▸ Prompt
Leave every picture out and give back the lines below from the first through the line that holds "PANTONE 2010 C - Colorxs Trilogy Palette", exactly as written.

▸ Dataset content
....................

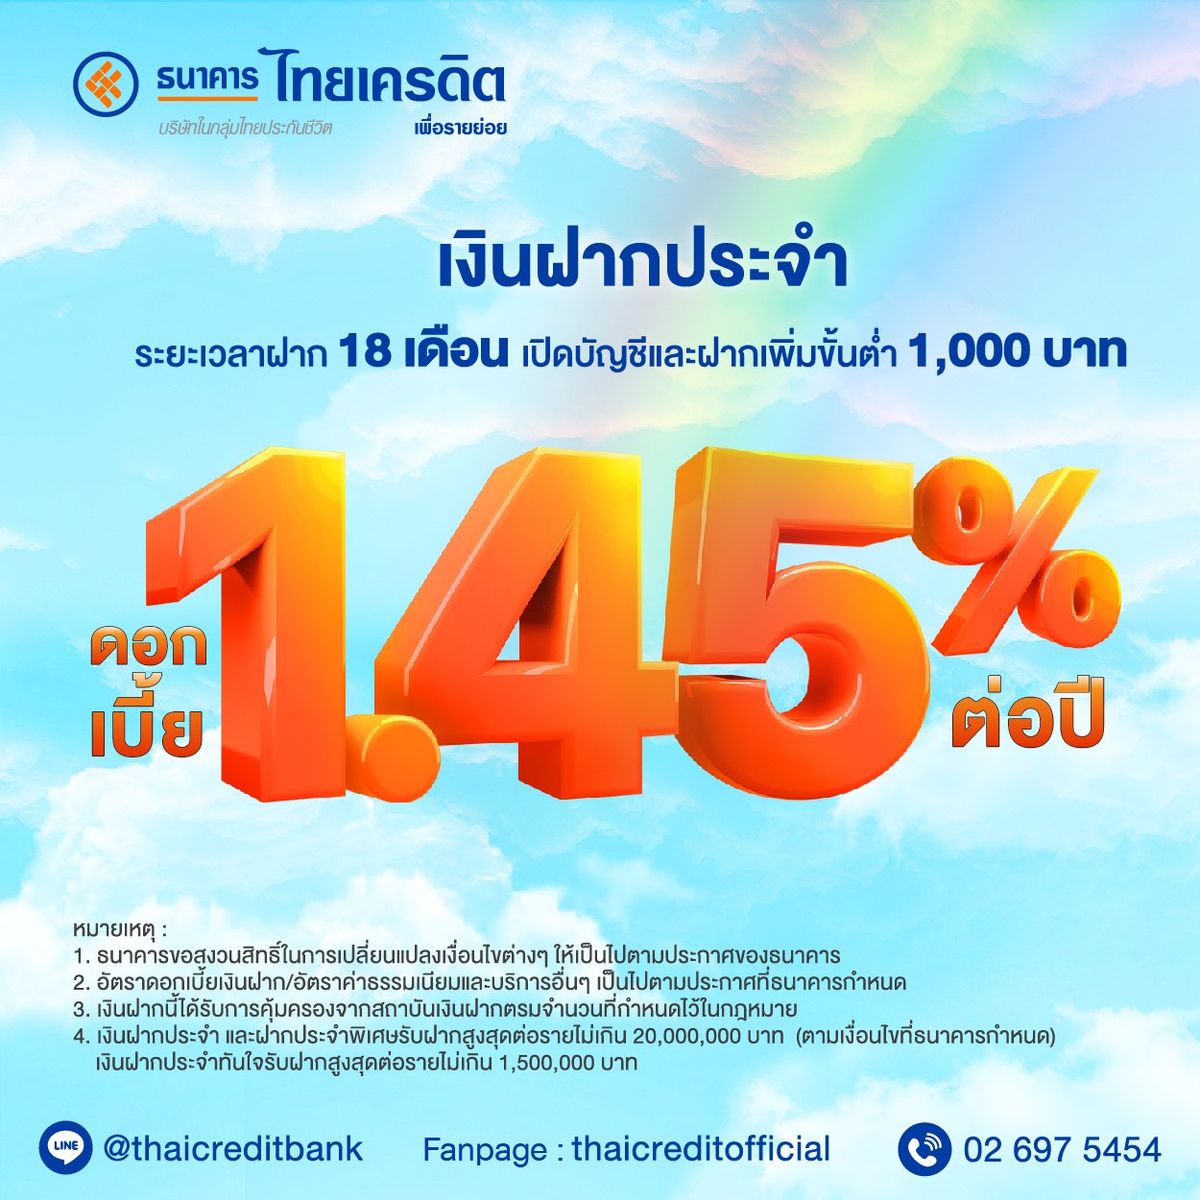 ฝากประจำ กับ ธนาคารไทยเครดิต รับดอกเบี้ยสูงถึง 1.5% ต่อปี มิถุนายน 2023 -  Sale Here
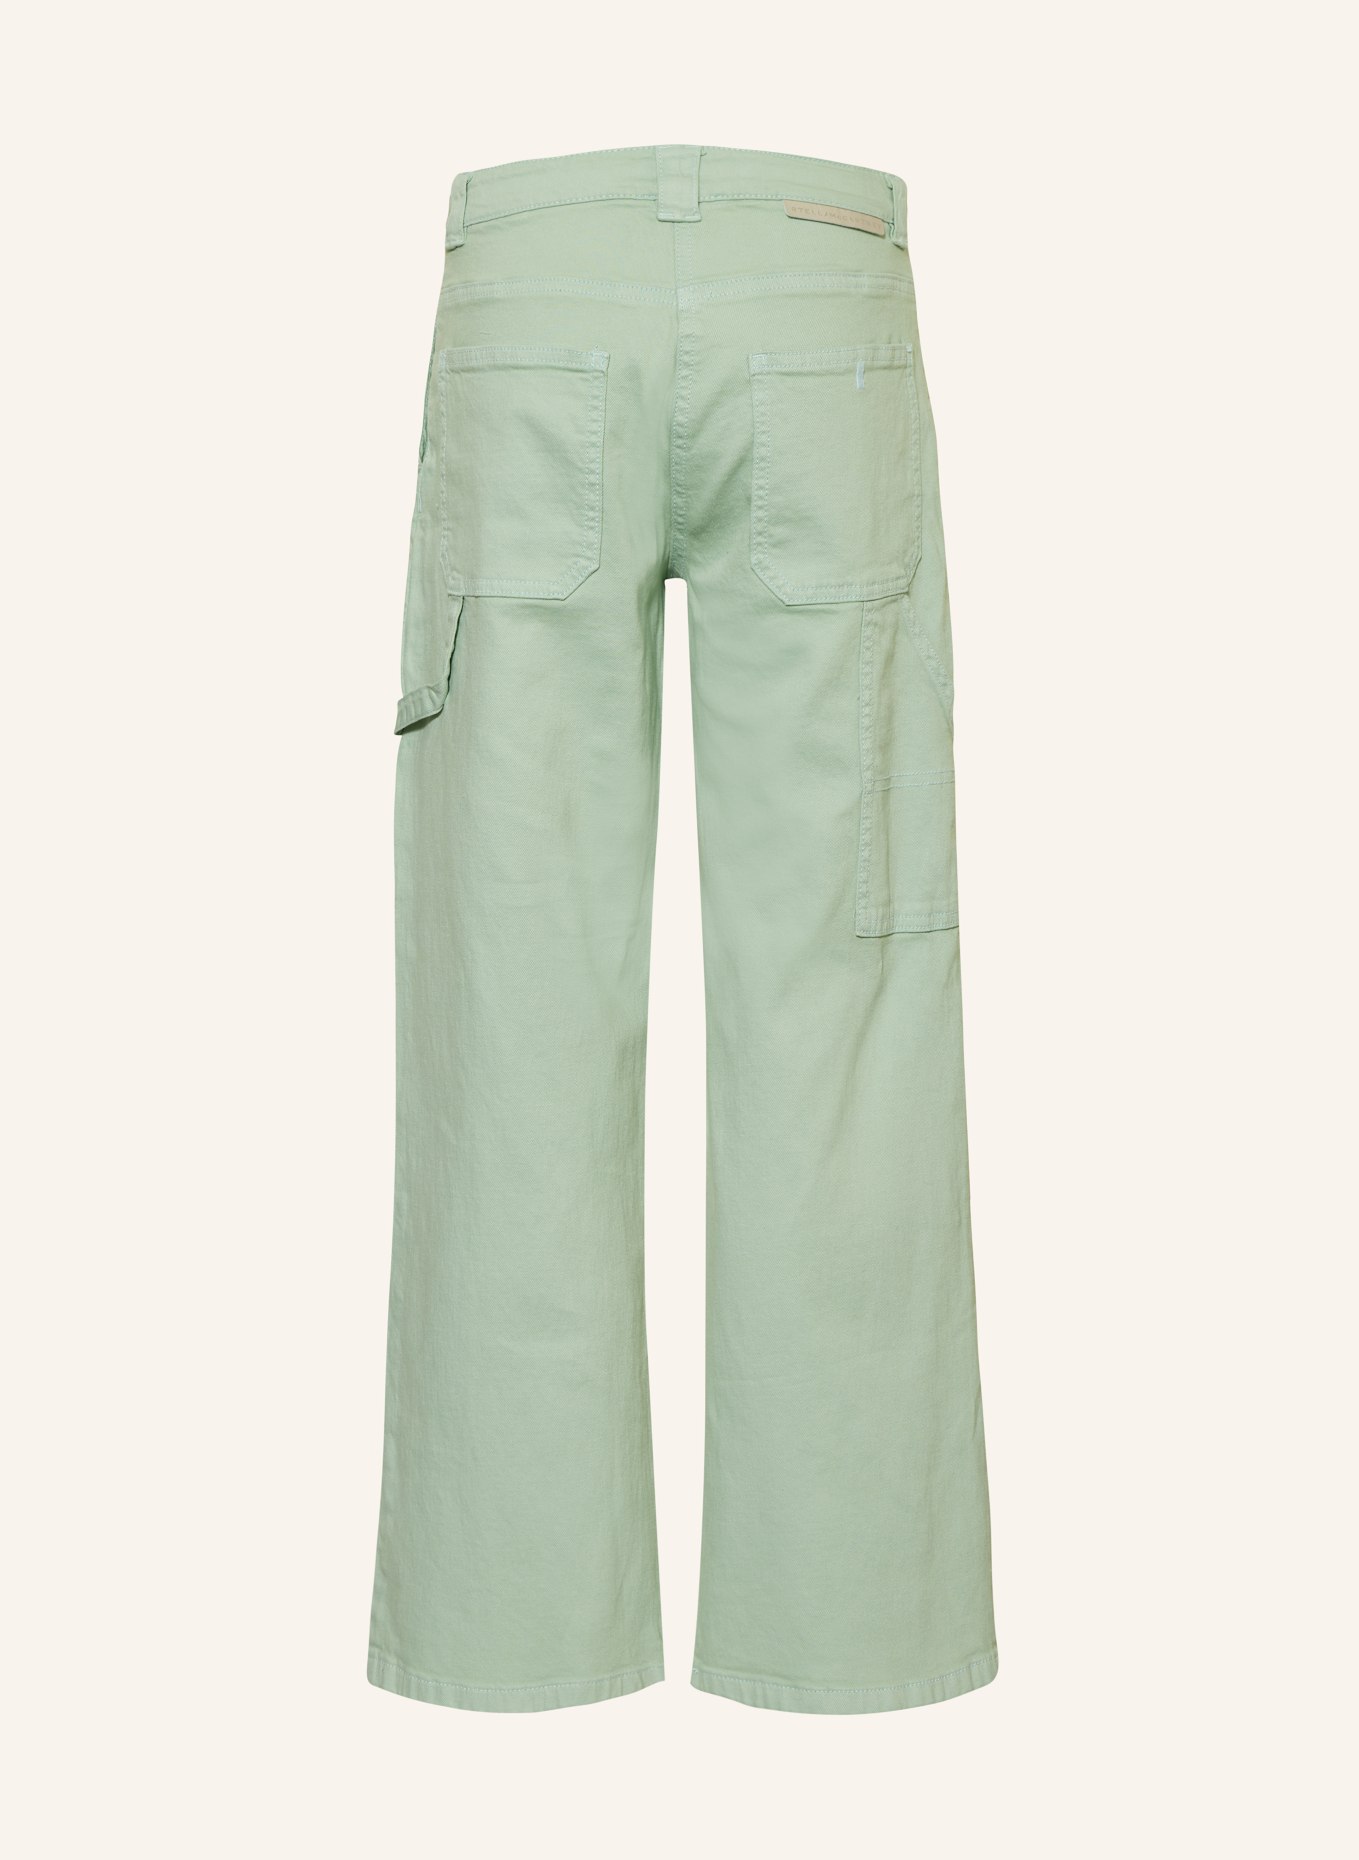 STELLA McCARTNEY KIDS Jeans, Farbe: 708 GREENISH (Bild 2)
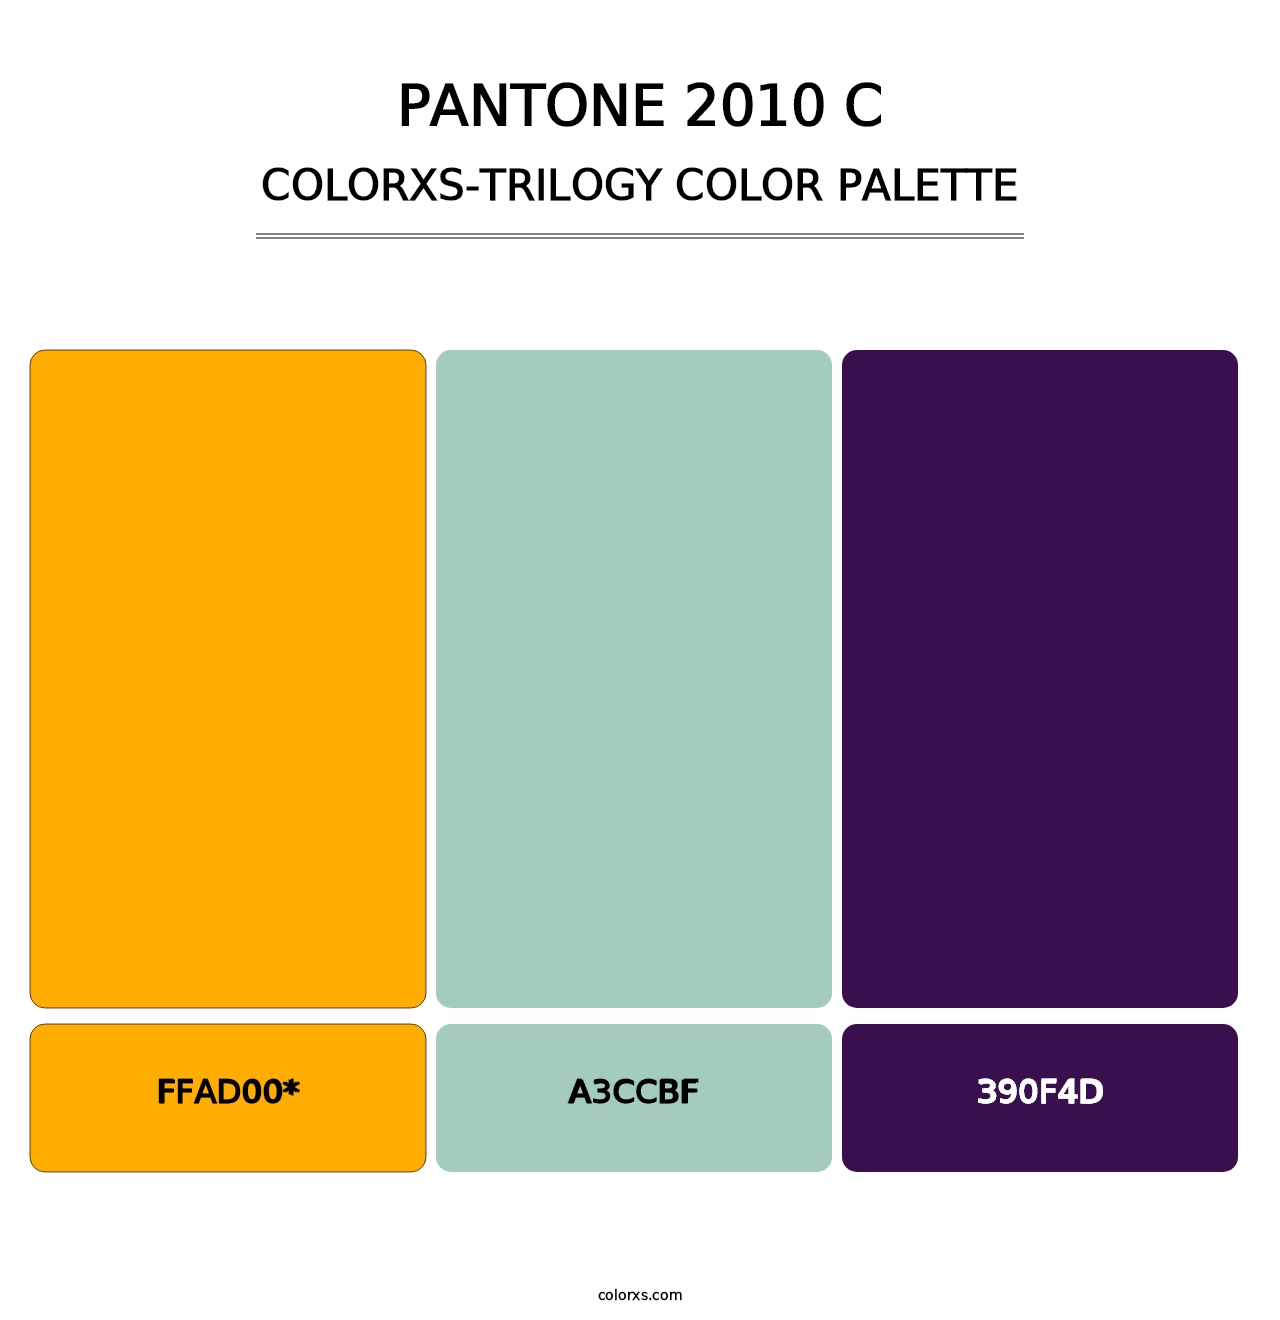 PANTONE 2010 C - Colorxs Trilogy Palette
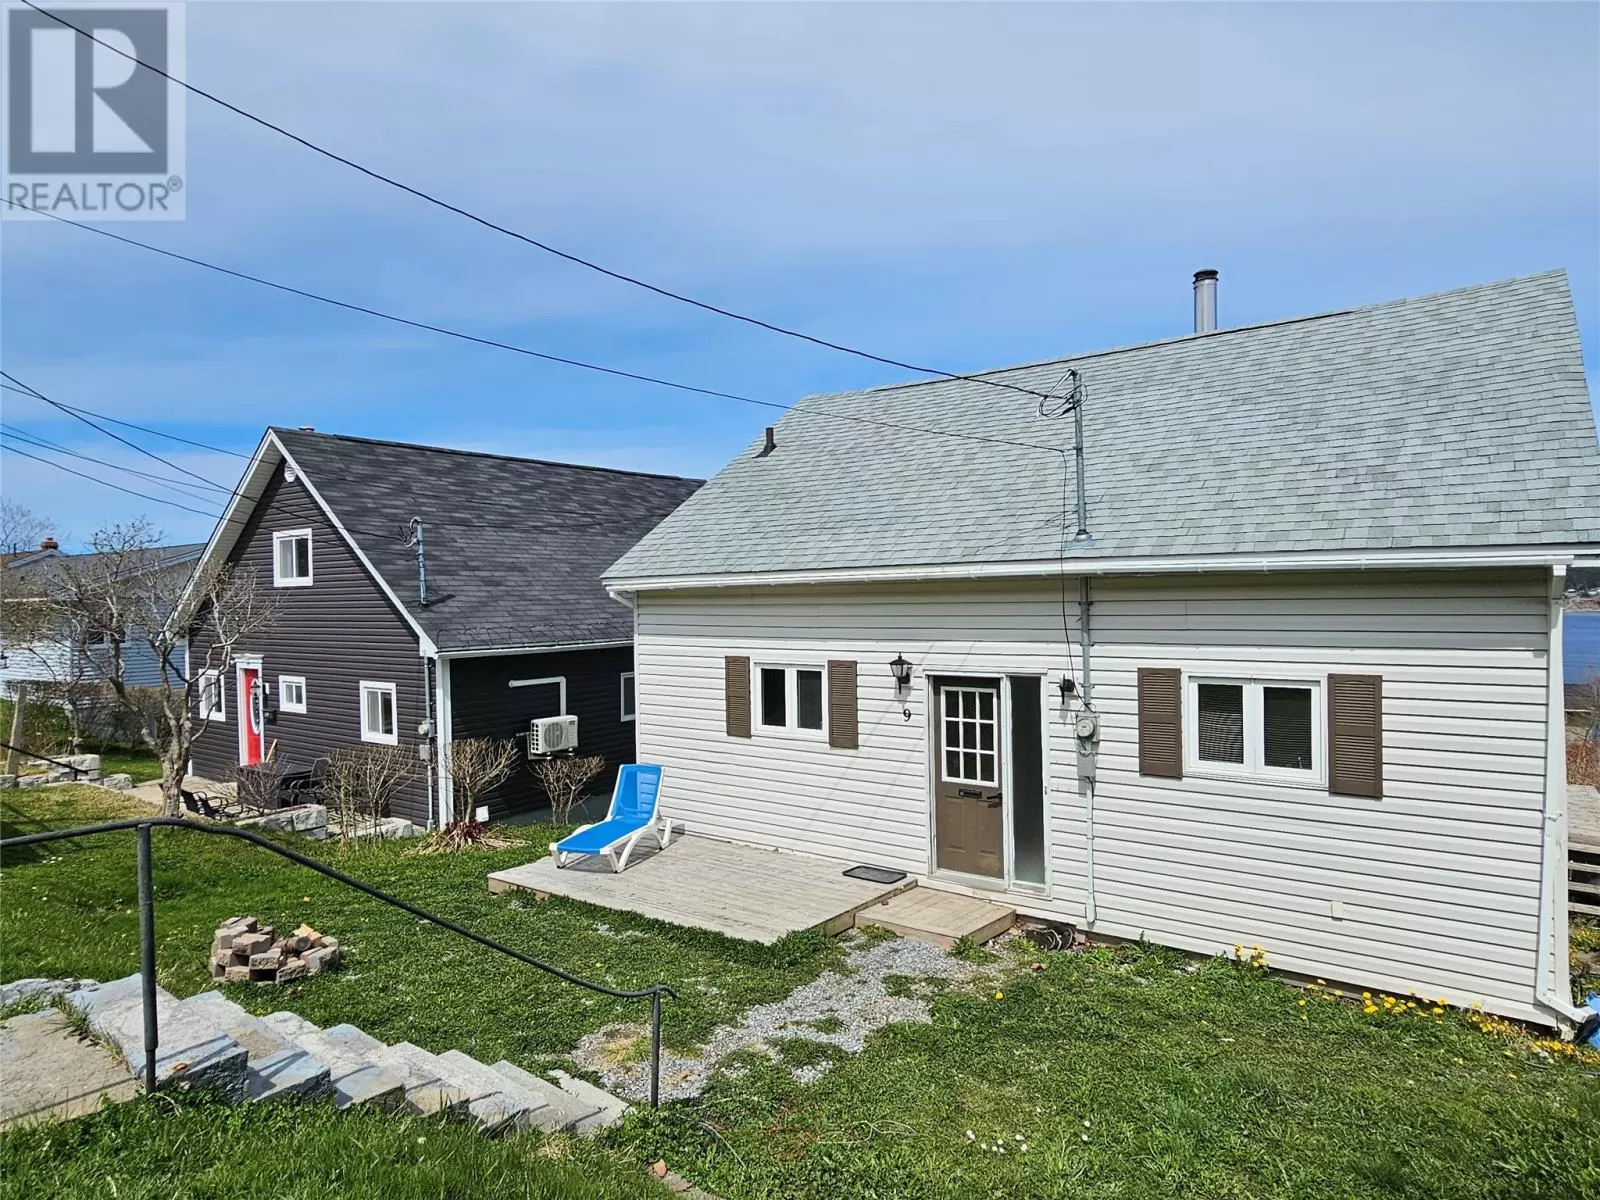 House for rent: 9 Gilletts Lane, Corner Brook, Newfoundland & Labrador A2H 2G6

....................

▸ Solution to this problem
 ฝากประจำ กับ ธนาคารไทยเครดิต รับดอกเบี้ยสูงถึง 1.5% ต่อปี มิถุนายน 2023 -  Sale Here
 STELLA McCARTNEY KIDS Jeans, Farbe: 708 GREENISH (Bild 2)
 PANTONE 2010 C - Colorxs Trilogy Palette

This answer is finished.